Senator for Benue South
- In office 3 June 1999 – 9 June 2019
- Preceded by: Ameh Ebute (1993)
- Succeeded by: Abba Moro

Governor of Niger State
- In office January 1984 – 1986
- Preceded by: Awwal Ibrahim
- Succeeded by: Garba Ali Mohammed

Personal details
- Born: 8 April 1948 (age 78) Otukpo, Northern Region, British Nigeria (now in Benue State, Nigeria)
- Party: African Democratic Congress (since 2025)
- Other political affiliations: Peoples Democratic Party (1998–2025)
- Alma mater: Nigerian Defence Academy
- Occupation: Politician; military officer;

Military service
- Allegiance: Nigeria
- Branch/service: Nigerian Army
- Rank: Brigadier General

= David Mark =

Nigerian politician and military officer (born 1948)

David Alechenu Bonaventure Mark (born 8 April 1948) is a retired Nigerian army brigadier general and politician.

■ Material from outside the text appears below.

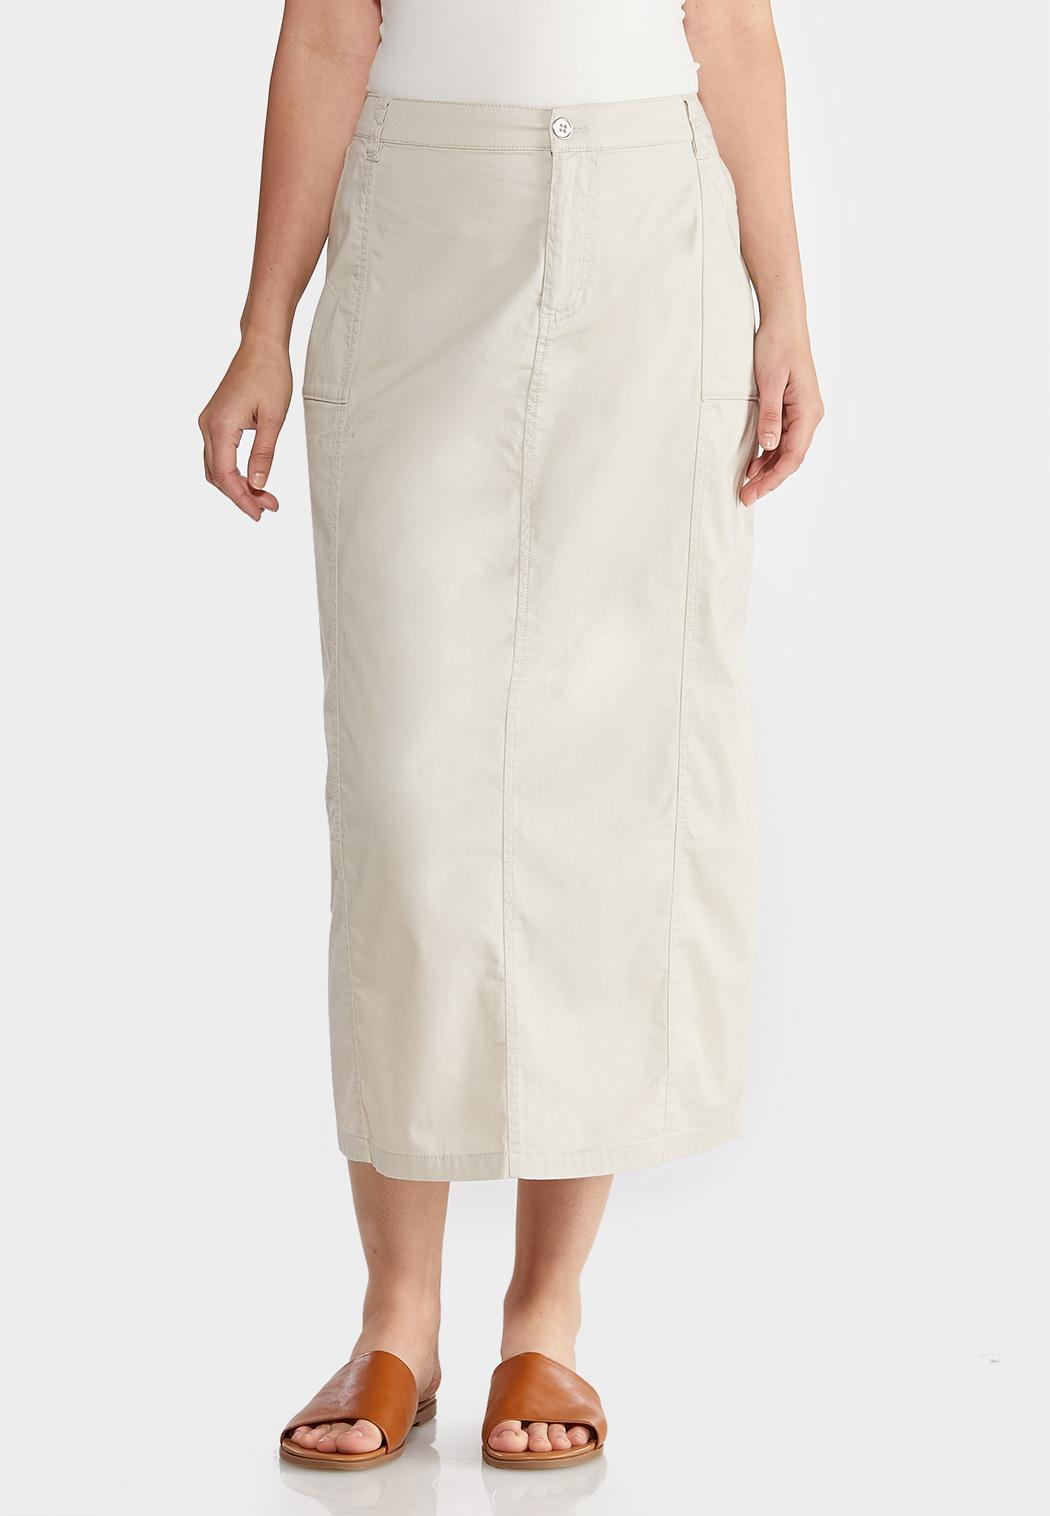 Plus Size Cargo Khaki Skirt

He served as the 12th president of the Nigerian Senate from 2007 to 2015 and was the Senator for Benue South senatorial district from 1999 to 2019. He is a former member of the Peoples Democratic Party (PDP) which he left in 2025 to join the African Democratic Congress (ADC) and become its interim National Chairman. Prior to his senatorial career, Mark was the military Governor of Niger State from 1984 to 1986, and is a one-time minister of communication. He is the longest serving president of the Nigerian Senate.

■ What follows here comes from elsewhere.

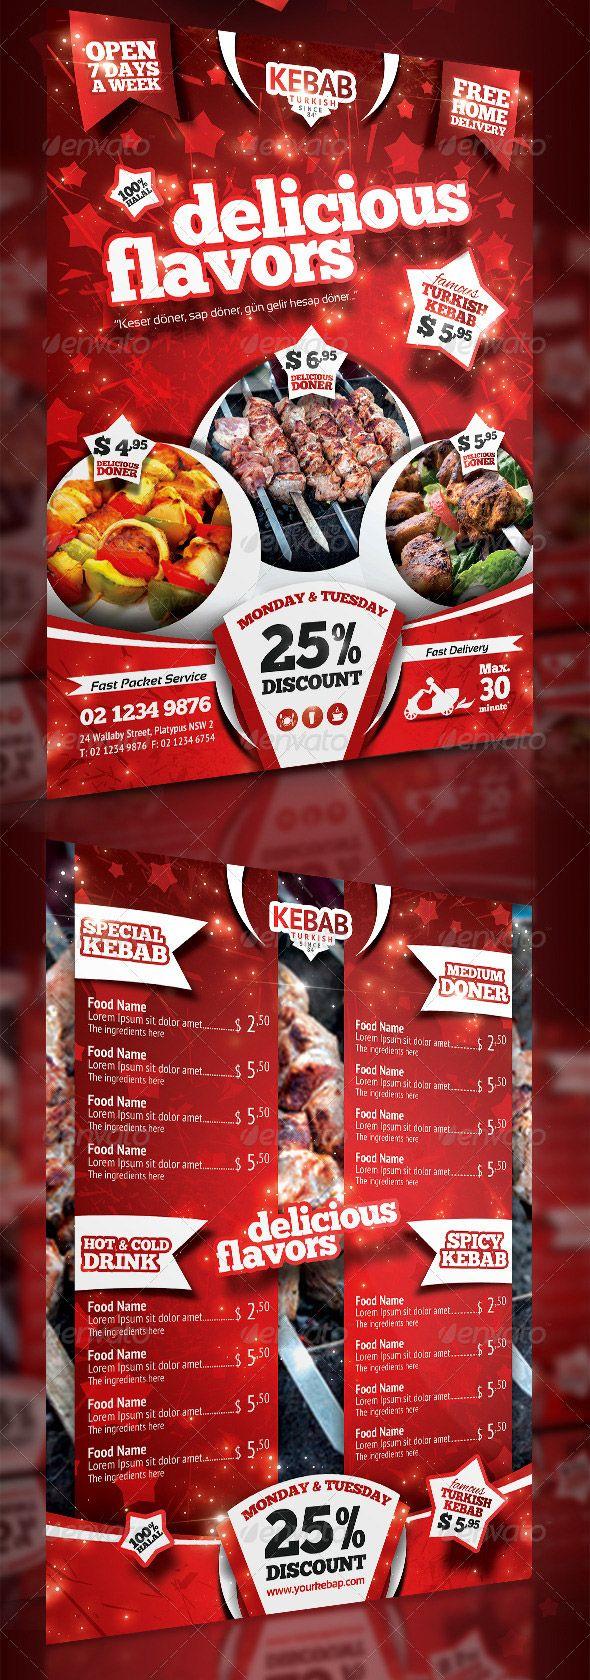 Hamburger Menu Examples And Alternatives Agente In 2020 Hamburger Menu Website Menu Design Web Design

==Early life and education==
Mark was born in Otukpo Benue State in April 1948. He attended St. Francis Catholic Practicing School before attending the Nigerian Military School from 1962-1966. After that he attended the Nigerian Defence Academy from 1967-70. He was commissioned as a 2nd Lieutenant in 1970 and became a Captain in 1971. He was Commandant of Static Communications in 1974, then later held a political post as Chairman Abandoned Properties Implementation Committee in the Eastern region in 1976.

==Minister==
Mark headed the Communications Ministry and its two major parastatals: Nigerian Telecommunications Limited (NITEL) and Nigerian Postal Service (NIPOST). As Minister of Communications, Mark was sometimes known for his blunt talk; during a two-day walking tour of facilities in Akure in 1989, some union workers complained that some of its members had not been promoted since 1978. Mark's response was that those who had not been promoted may have to be retired, meaning that unproductive workers will have to be let go. He also espoused the opinion of death penalty for telecom cable thieves, as well as a policy of dismantling under-utilized telecom facilities citing political considerations for giving allocations to towns with limited use of phone networks.

== Senate of Nigeria ==
Mark was elected to his position as President of the Senate of Nigeria on 6 June 2007.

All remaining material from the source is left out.